This issue will be fixed in a future release.
DR-2989
When you run a YARN job on Vector using the SQL Copy load method, the job fails.
Run the job using the Direct Load method.
DR-2925
When you access files in a MapR instance of HDFS using KNIME with DataFlow extensions on Windows, the KNIME process fails. This failure is indicated by an error in a shared library which causes the KNIME JVM to exit unexpectedly.
This issue will be fixed in a future release.
DR-2897
When you configure KNIME for Kerberos-enabled HDFS on a Windows client, KNIME fails to start because the operator libraries are not loaded.

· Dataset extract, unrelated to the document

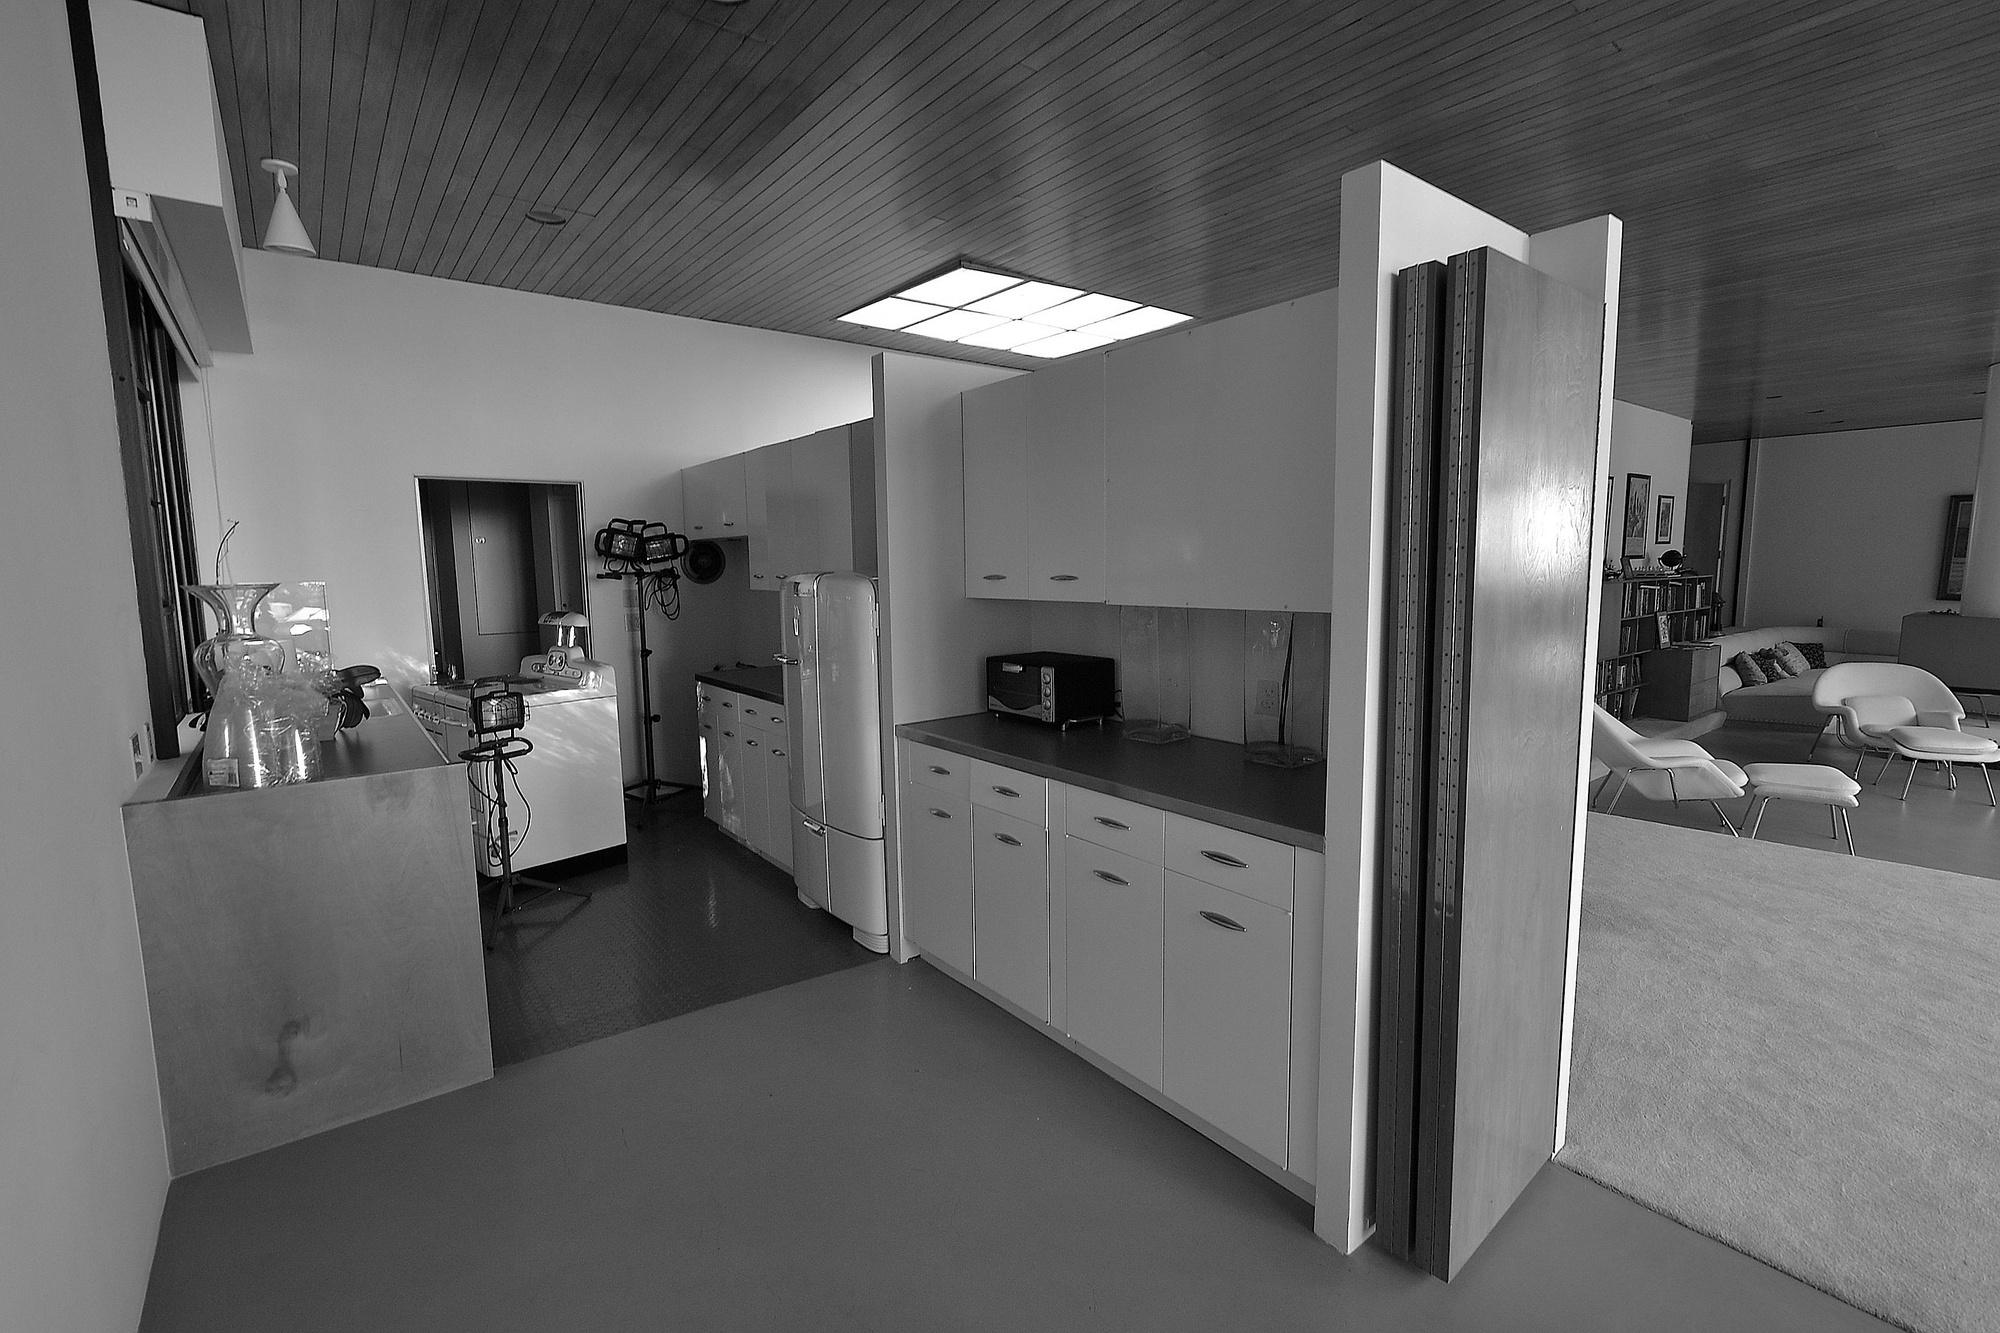 case study house      eames house living room Galinsky

This issue will be fixed in a future release.
DR-2534
Wrapping the DataFlow Java application as a web service has problems with external .jar files in WEB-INF\lib.
Copy the required .jar files to the Tomcat lib folder.
DR-2486
A deadlock may occur when you execute a DataFlow job within YARN. The deadlock is caused by the number of resources for worker containers matching the capacity of the cluster.
Lower the resource requirements for the job to less than the capacity of the cluster.
DR-2484
Attempting to specify multiple .jar files on the dr command line using the -cp option causes a failure and writing of nonsense characters to the terminal.
Place required .jar files in the lib folder of the DataFlow installation.
DR-2482
When viewing the YARN Resource Manager job page, the URL links for running DataFlow jobs do not work correctly. An error is displayed about POST messages not being supported.
The DataFlow cluster manager supports displaying detailed run-time metrics about DataFlow jobs.
KNIME Known Issues
The following table describes known issues and their resolution.
Issue
Description
Resolution
N/A
When creating a new DataFlow workflow from KNIME on Linux, KNIME might hang. This is a KNIME issue that occurs when the printing service, Common UNIX Printing System (CUPS) is not running. For information about this issue, see KNIME forum.
Start the CUPS service using the service cups start command.
DR-3321
DataFlow jobs that are executed on an YARN-enabled Hadoop cluster with HA and Kerberos enabled fail with an error. This occurs when KNIME version 2.11.3 with Java version 1.7.0-60 is used on a Hadoop cluster.
Do any of the following:
Export the workflow as a JSON file from KNIME and execute using DR command line script. The script accepts JAVA_HOME, which matches the Hadoop cluster and therefore has the same security libraries.
Manually override the Java that is used by KNIME when the correct Java version (1.7.0-67) is available on the system. This requires you to edit the knime.ini file to manually set the VM to use the correct version and restart KNIME. For example, see Code example.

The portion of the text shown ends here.